I was working overseas on a medium term assigment of 3.5 years for a subsidiary. 1999-2003.
But I still had unused contribution room back in my Canadian RRSP account.
So I would money back to Canada and dump in about 20K every year to the RRSP and the balance back them was about 180K.
For three years I put in 20K and the balance stayed at about 180K.
But then the market started to pick up, and by feeding in funds when sliding down I had gathered more units.
(This was back in the days of bank mutual funds)

That tought me not to get too excited when financial waters get choppy.
I dont know if I would have learned the lesson as well if finfluencer ideas were to be in my brain.
Trying to sell me x as solution to a falling market.

By feeding the rrsp while overseas, I had deductions to use once I started back to work for the Canadian head office again.
 

Mandala

Active member
Jan 2, 2025
283
201
43
I have to disagree with you on "need to research which index fund to buy":

I disagree. Can you stomach a 30% market drop without panic? What is your time line?

What to avoid? What is the safet index fund? What gives best return if you are long term?

And registered funds and taxes so which registered funds? Which should you do puy money in RRSP
or pay down loan?

Very important decisions need to be made before you choose index funds.
 

fall

Well-known member
Dec 9, 2010
3,069
995
113
I disagree.

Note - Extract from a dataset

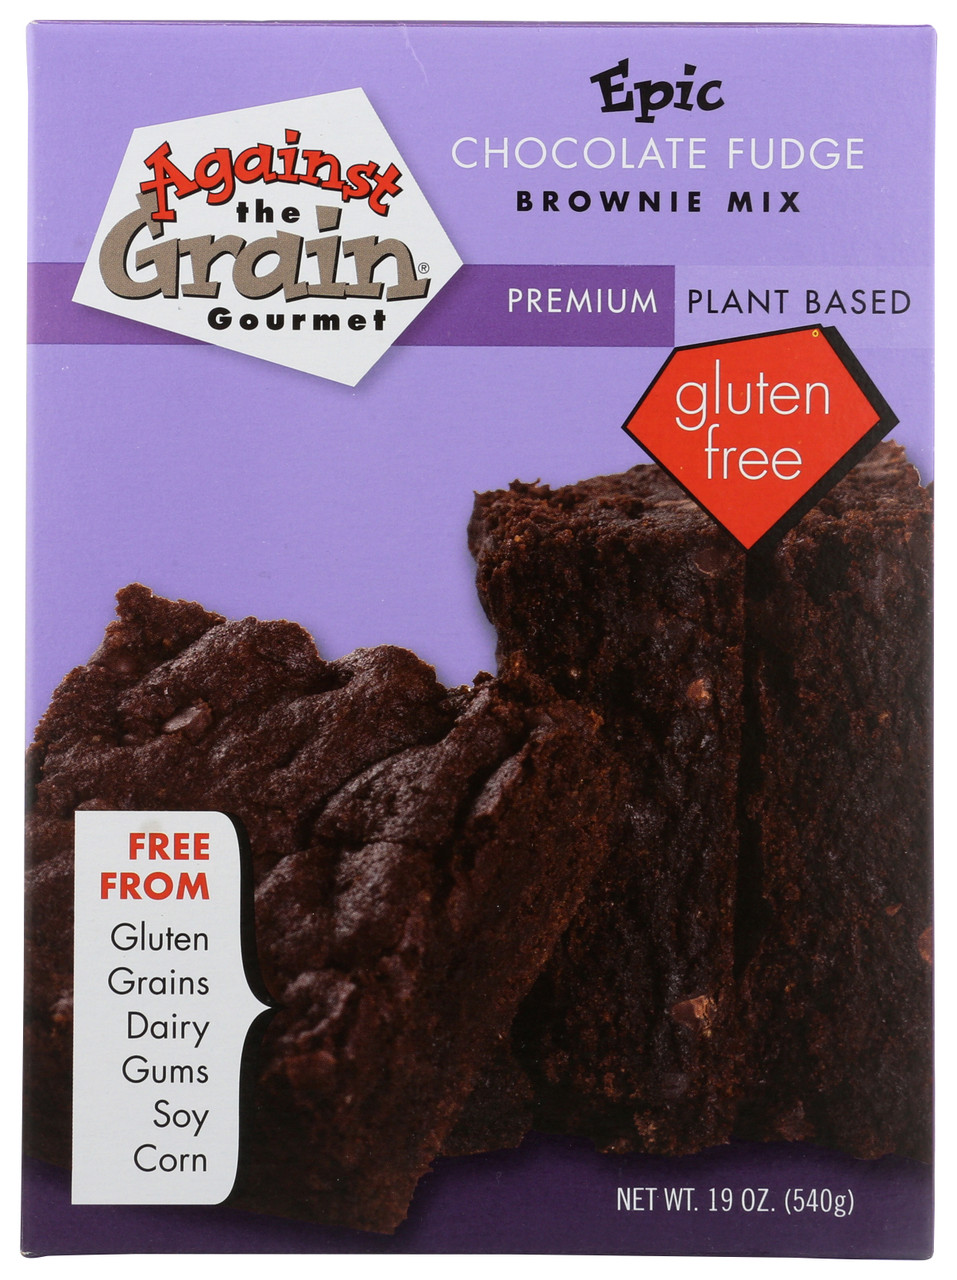 Brownie Mix Double Chocolate Fudge Gluten Free 19oz

Can you stomach a 30% market drop without panic? What is your time line?

What to avoid? What is the safet index fund? What gives best return if you are long term?

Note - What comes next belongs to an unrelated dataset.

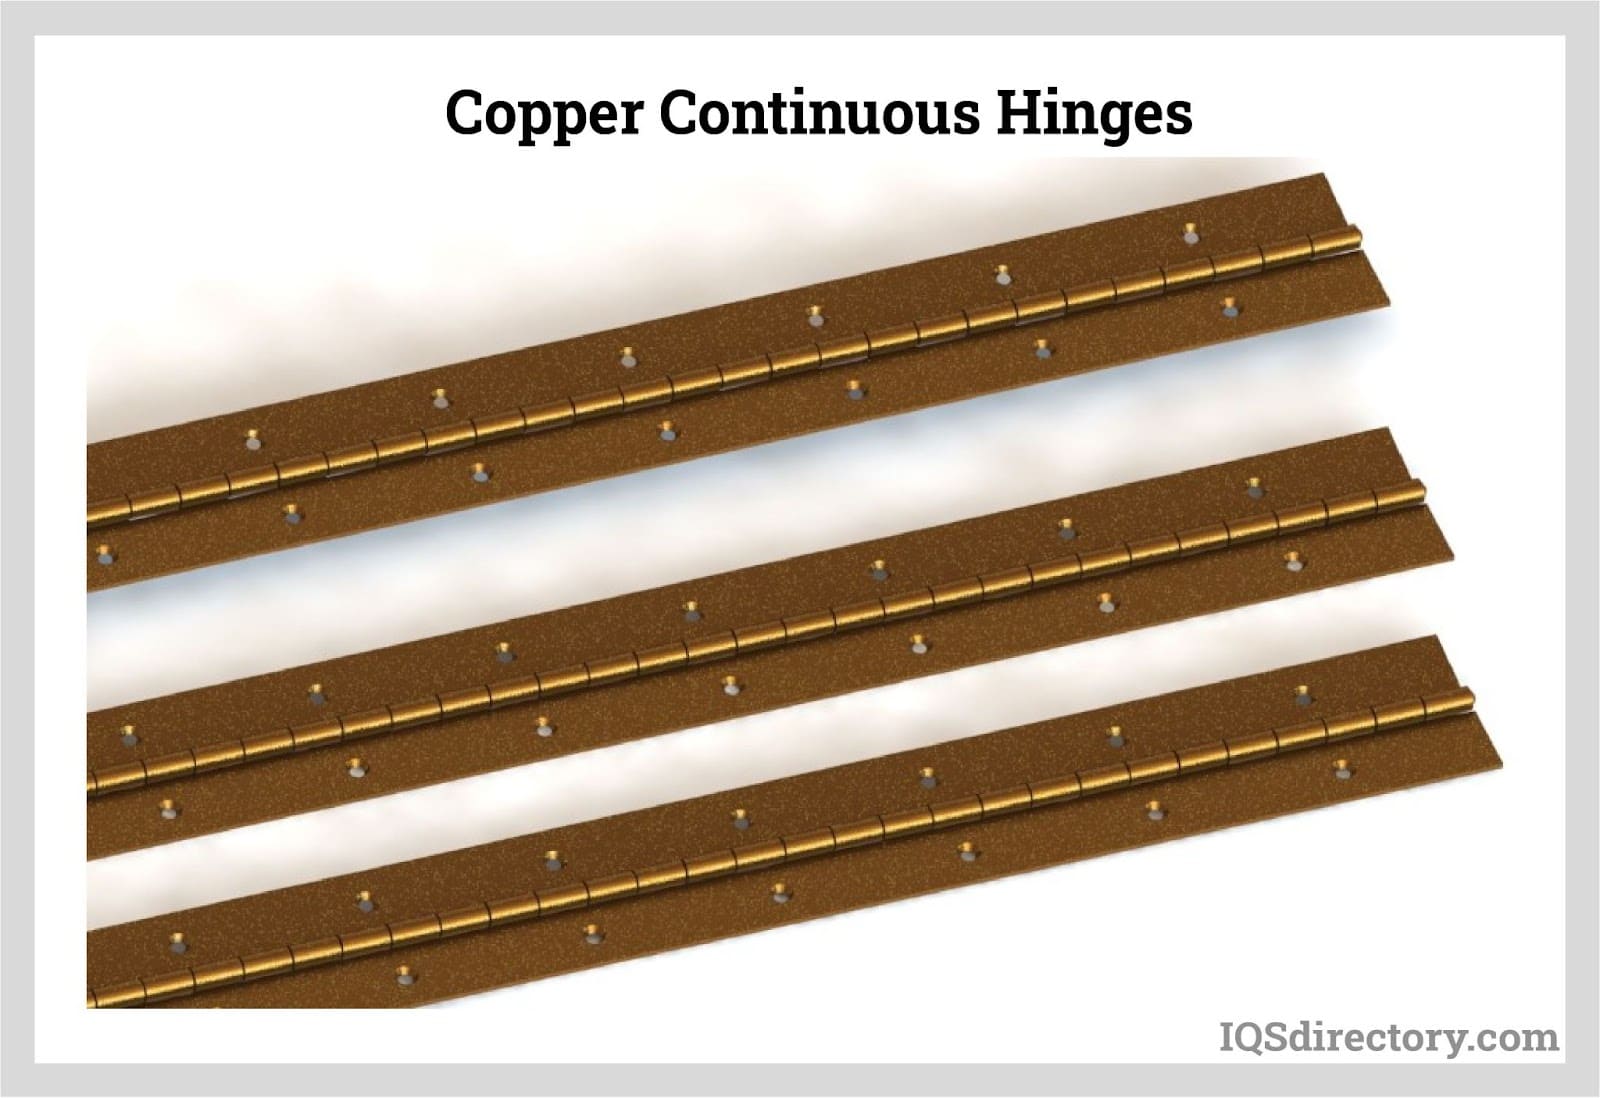 Copper Continuous Hinges

And registered funds and taxes so which registered funds? Which should you do puy money in RRSP
or pay down loan?

Very important decisions need to be made before you choose index funds.
The choice is not about the index fund, the choice is about how much risk you want to have. Passively managed market index ETFs give you the best Sharpe ratio, so, this should be your only stock investment. If you want less risk, invest part of your money in that ETF, part in fixed-income ETFs. The risk tolerance depends on your investment horizon and general attitude toward risk. However, the portfolio that consists of these two ETFs is the best portfolio for everyone (the only difference is how much to invest in each - the proportion depends on the person's risk attitude). Which exact ETF to choose from that family of ETFs does not really matter as long as the MER is low and the total market value (a good proxy for liquidity for ETFs) is high.

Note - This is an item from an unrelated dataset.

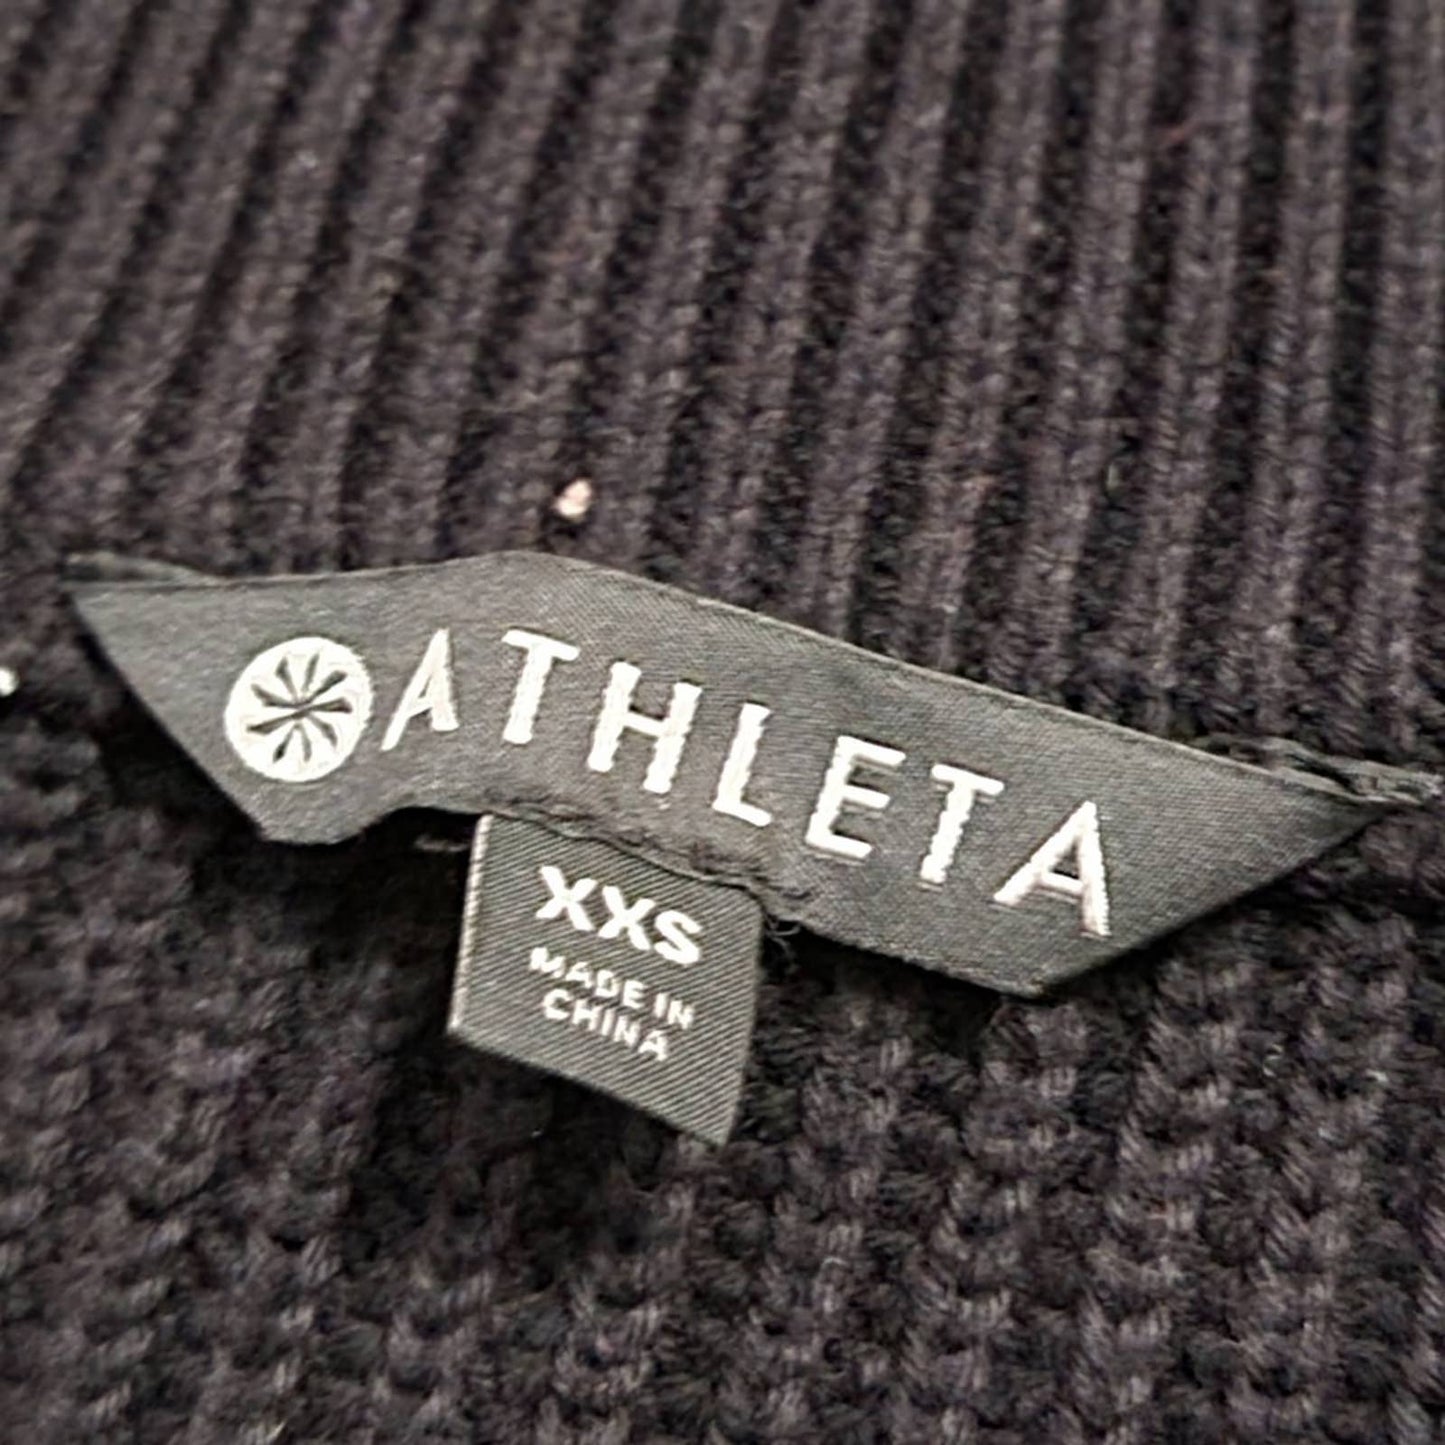 Athleta Black Ribbed Zip Up Cropped Sweater - XXS

Taxes are a very different animal. The decision to put money in RRSP is very complex, but the main factor is your projected income (and, thus, tax brackets) when you retire and today. Assuming you are not financially constrained (e.g., you can always pull equity from HELOC), any fixed-income investment should be in RRSP (since all gains there will be taxed at the regular rate). If you are in high tax brackets, you may consider buying ETFs that follow the market by buying and selling derivatives instead of holding stocks: while they have a higher MER, they pay no dividends, and all your profit is taxed at a lower capital gain rate.